Following this analysis of uncertainty and of the results of the aforementioned simulations by the IMF, the BoE and the ECB, we built two adverse scenarios relating to how the trade conflict between the US and its various trading partners could develop over the period 2019-2021, i.e. three years (see the last chart):

  • Scenario of moderate tariffs. This scenario assumes a slightly higher level of protectionism than we have seen to date. In this context, the average annual growth of global GDP in the period 2019-2021 would be 3.1%, compared to the 3.4% forecast by CaixaBank Research. This would be mainly as a result of the uncertainty channel (accounting for 2 decimal points of the reduction). By country, the impact in the US and China would be substantially greater than the impact in the euro area. In Europe, on the other hand, while the uncertainty channel would clearly have a detrimental impact, the trade channel could be favoured by what we referred to as «trade diversion». However, as the trade tensions grew in 2018, Europe suffered a major slowdown in growth (from 0.7% quarter-on-quarter in Q4 2017 to 0.2% in Q4 2018). As such, this «trade diversion» effect does not appear to have made an impact so far.
  • Scenario of high tariffs. This scenario assumes a much greater escalation of protectionism than that witnessed at present, with measures imposed on all US imports and a response of the same calibre imposed against the US by the countries affected. In this case, the average annual growth of global GDP in the period 2019-2021 could fall to 2.6% (8 decimal points below the expected scenario). In this case, trade and uncertainty would contribute equally to lower growth. Again, the US and China would be the most adversely affected economies, although the US economy more so, since it would suffer all the replicas of the tariffs imposed by its various trade partners.
  • 4. See the IMF (WEO, October 2018), the ECB - Economic Bulletin Issue 3/2019, «The economic implications of raising protectionism: a euro area and global perspective» and the Bank of England (speech given by Mark Carney on 5 July 2018).
  • 5. In our scenario, we are assuming that the two powers reach an agreement during the second half of 2019 or in early 2020. The agreement would possibly contain very specific measures on products, making it possible to ensure that it is complied with (it will be a highly technical document). In addition, we envision certain elements in the field of technology transfer and intellectual property. However, the agreement will not entail an immediate withdrawal of the tariffs imposed to date, but rather a gradual removal.

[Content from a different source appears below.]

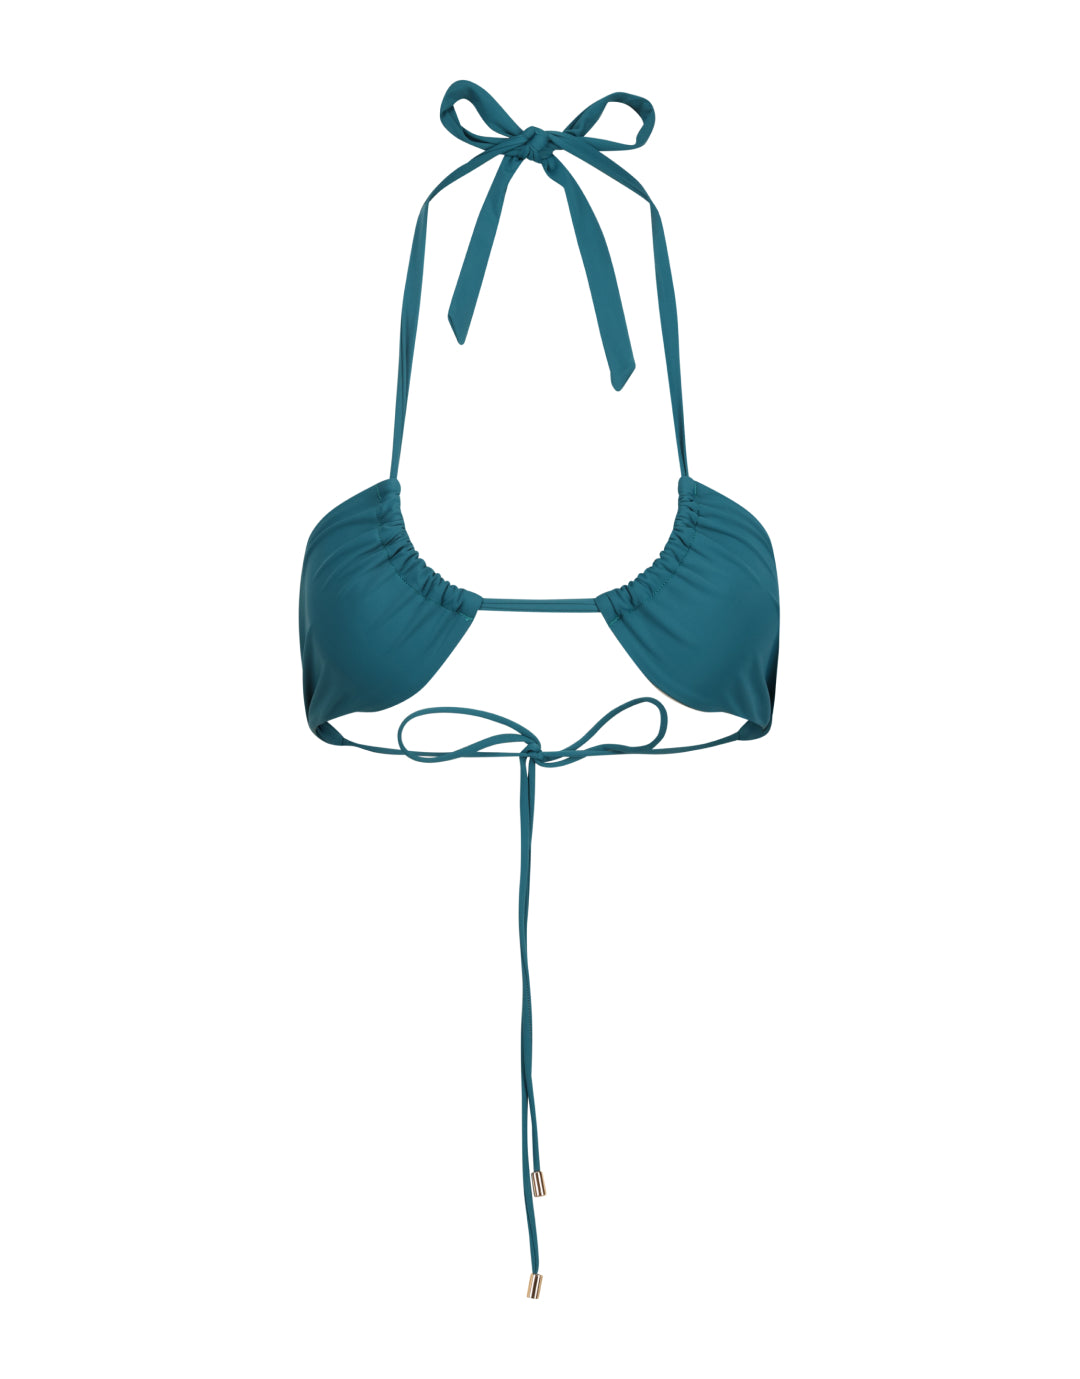 Agni 3-Way Tie Triangle Bikini Top // Teal Dark Turquoise Blue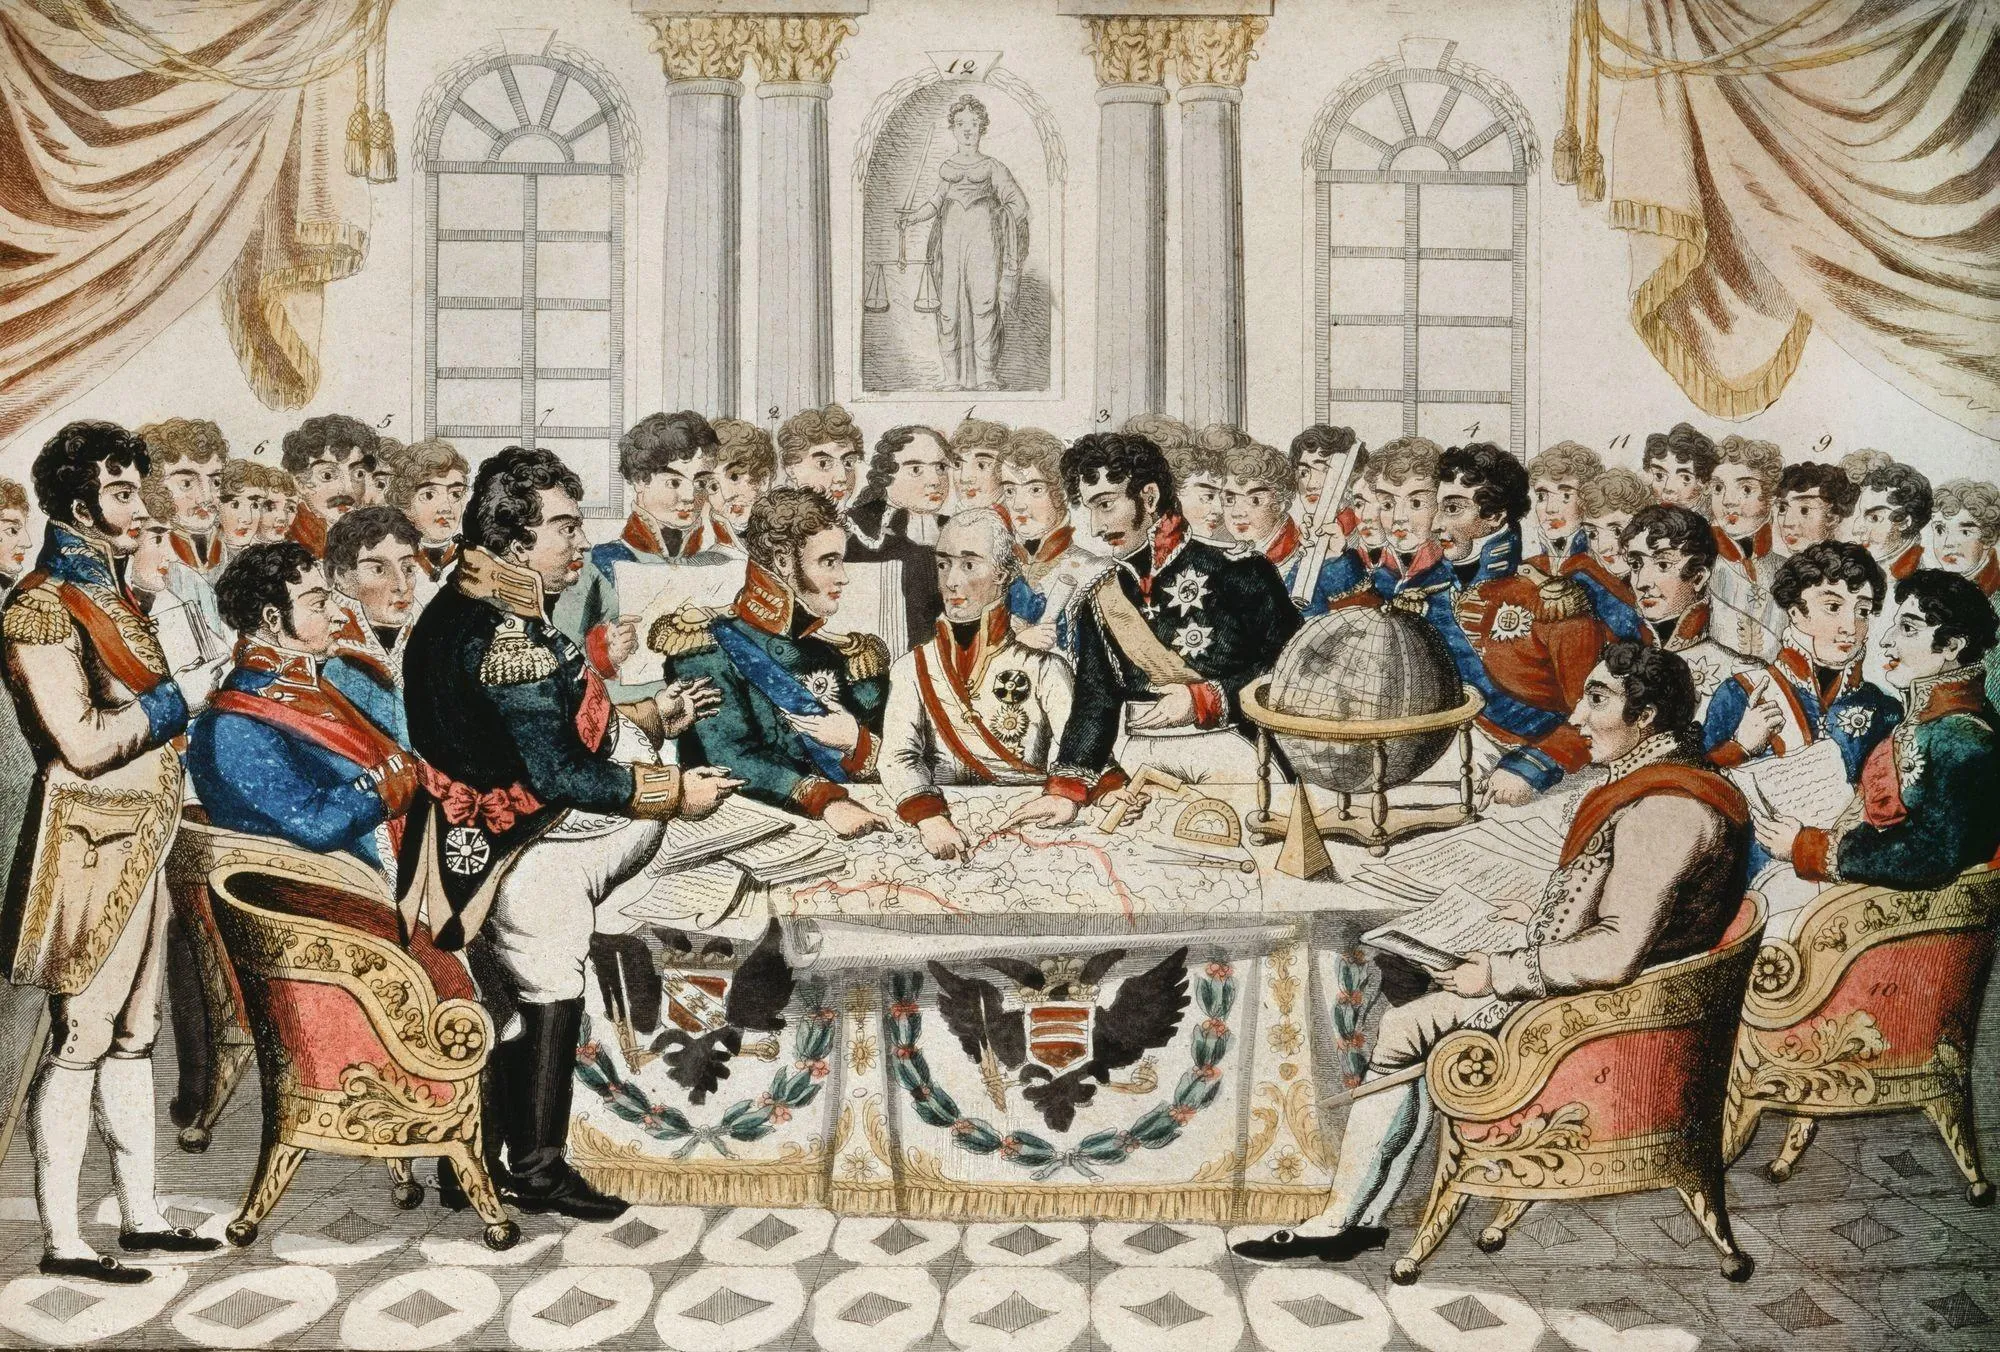 J. Zutz, Le Grand Congrès de Vienne pour la restauration de la paix et du droit en Europe, v. 1815, eau-forte coloriée, 17,9 x 24,5 cm, Museum der Stadt, Vienne.

  • 6. We take the global economic policy uncertainty index developed by Steven J. Davis («An Index of Global Economic Policy Uncertainty», Macroeconomic Review, 2016) based on the analysis performed by Baker, Bloom and Davis. A vector autoregression (VAR) of order three is estimated using quarterly data on global GDP growth, global CPI, the short-term (3-month) global interest rate and the global economic policy uncertainty (GEPU) index. The GEPU index reflects global uncertainty, as measured by the relative frequency of news and newspaper articles containing terms related to the economy, uncertainty, politics and public policy in a set of countries that represent two-thirds of the world’s GDP.
GDP growth scenario

However, the risk posed by this potential escalation of tariffs goes beyond the negative short and medium-term effects. The major fear is that this escalation could lead to non-tariff protectionist measures that affect international trade and investment more directly, such as restrictions on foreign technology companies, with potentially far greater impacts both at the economic and the institutional level. Furthermore, in the long term, all these economic obstacles represent a toll on productivity, since they impose barriers for the spread of knowledge and the establishment of network economies, trends that are key in an increasingly digital world.